Stukenbrock told the Reuters Central European Investment Summit that initial concerns the leftist government of Prime Minister Robert Fico would dismantle economic reforms from the previous centre-right administration had not materialized.
"Currently we do not see that they will deviate from that," he said, referring to the 2009 euro adoption goal.
"Basically, our bottom line is that we expect them to get into the euro zone in 2009...They will make the numbers."
Stukenbrock said the government appeared determined to get the fiscal deficit below the euro entry target of 3 percent of gross domestic product, as well as qualify on interest rate, inflation, debt and currency criteria.
But, he said, questions remain as to whether the government will remain disciplined as Fico won a June 2006 election with pledges of more social spending and shielding the poor against rising energy bills.
Stukenbrock noted that recent government moves to undo some of the pension reforms previously adopted would be risky to the fiscal outlook.
"That is one of the very good reforms done in Slovakia and undoing, over the long term, could cause some inconvenience," he said.

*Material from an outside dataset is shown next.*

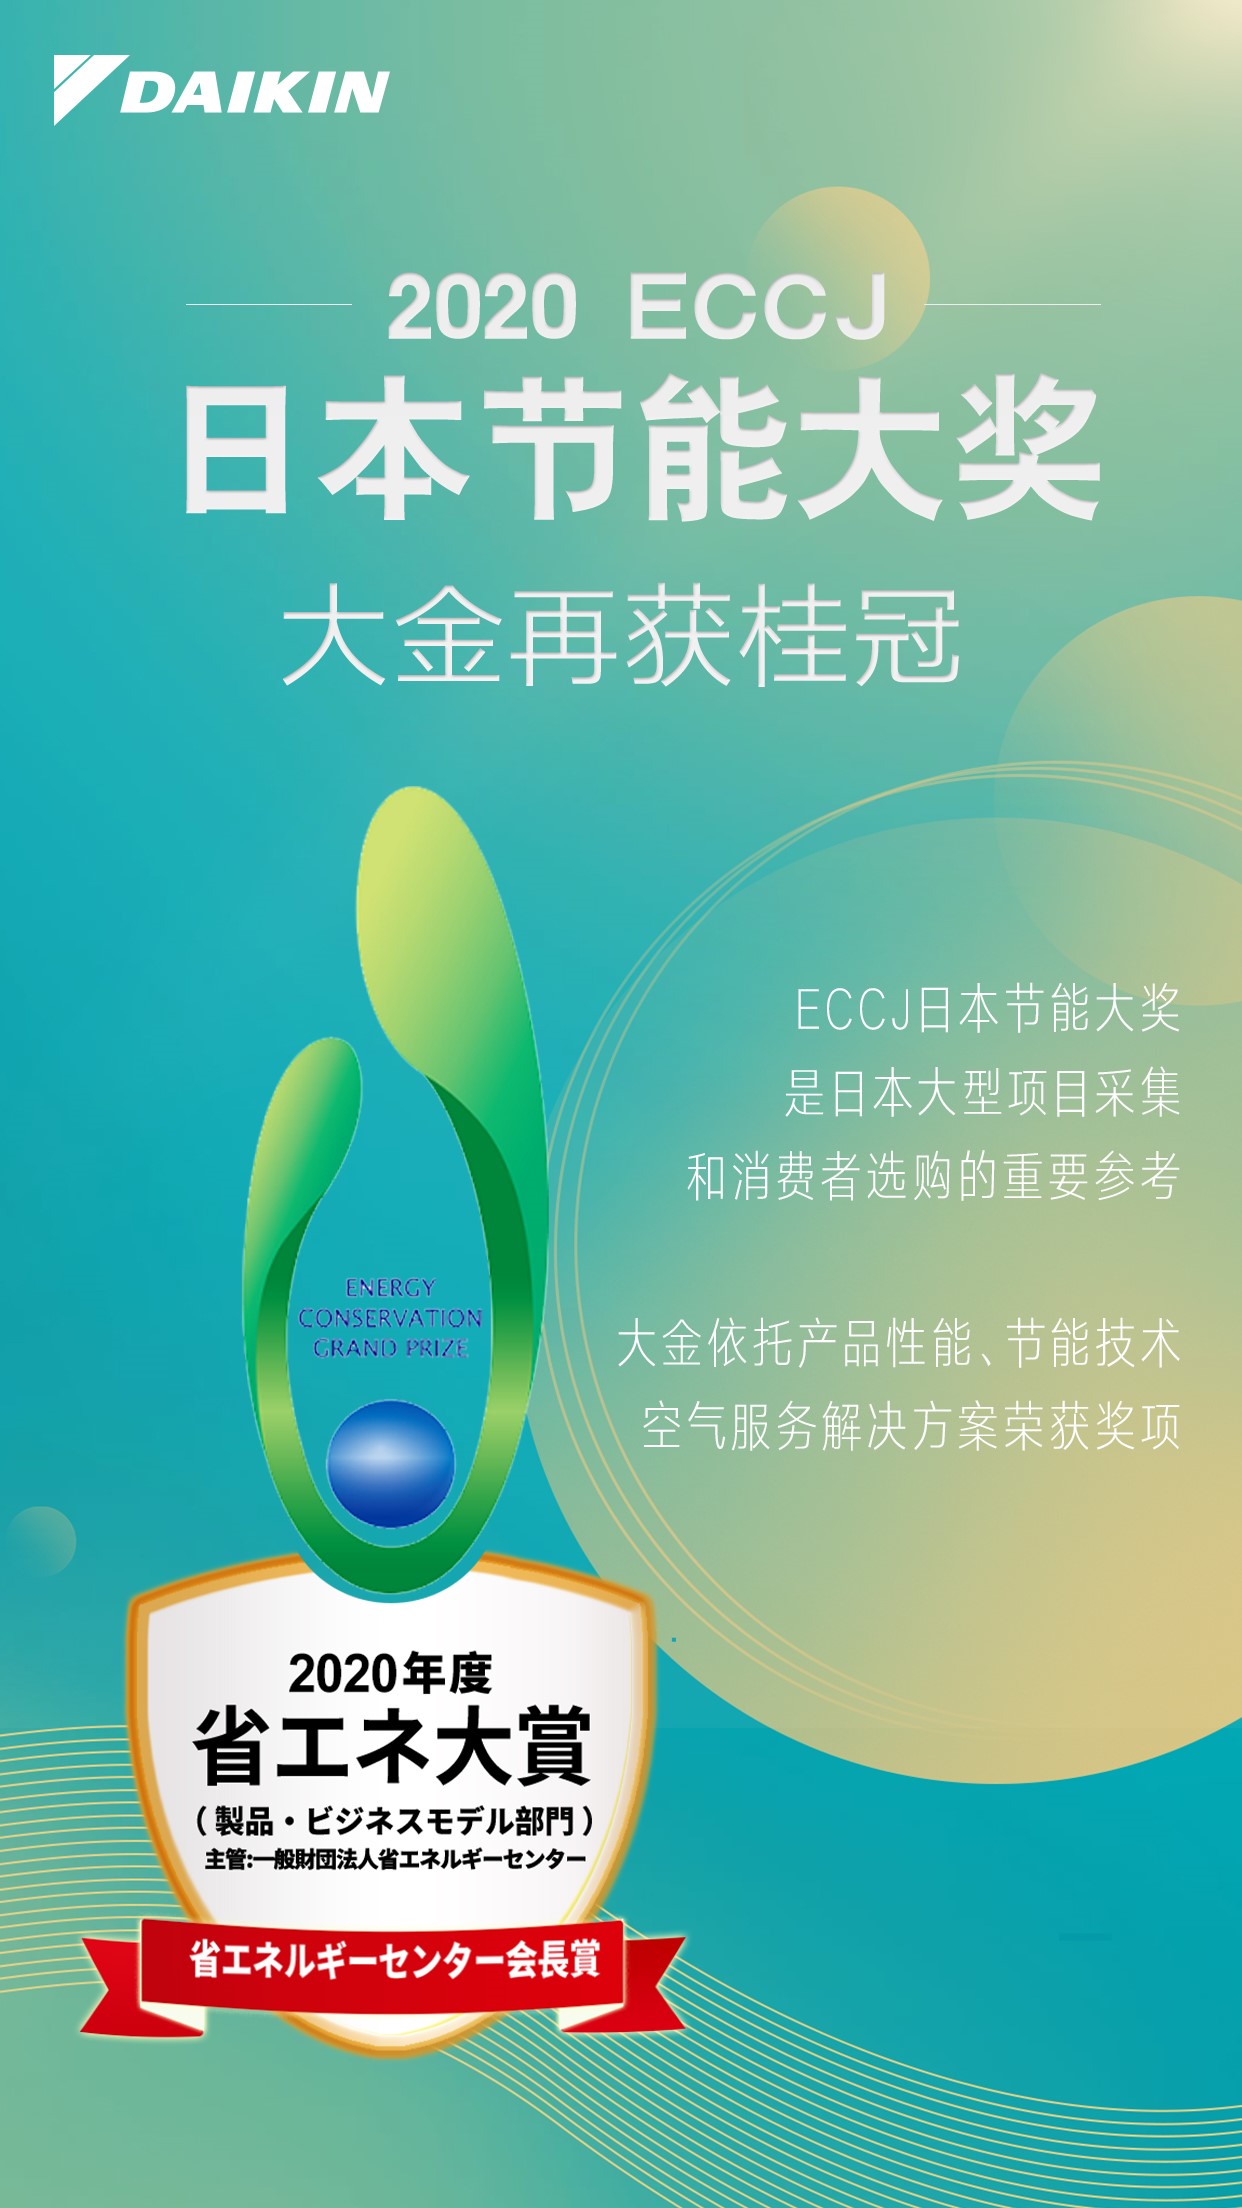 大金空调再获2020ECCJ日本节能大奖，以节能方案共创环境价值！

The Slovak economy is one of the most robust in the European Union, growing at 9.4 percent in the second quarter, while it met the euro adoption criterion -- defined as inflation no more than 1.5 percentage points above the average of the three lowest EU inflation rates -- for the first time in August.
Slovak inflation is forecast by the finance ministry at 1.6 percent in April 2007-March 2008, and at 1.5 percent in May 2007-April 2008. It sees the reference value at 2.8 percent and 2.9 percent, respectively.
S&P rates Slovakia's long-term sovereign debt 'A' with a stable outlook. It last raised the country's grade in December 2005. Stukenbrock said the rating is appropriate.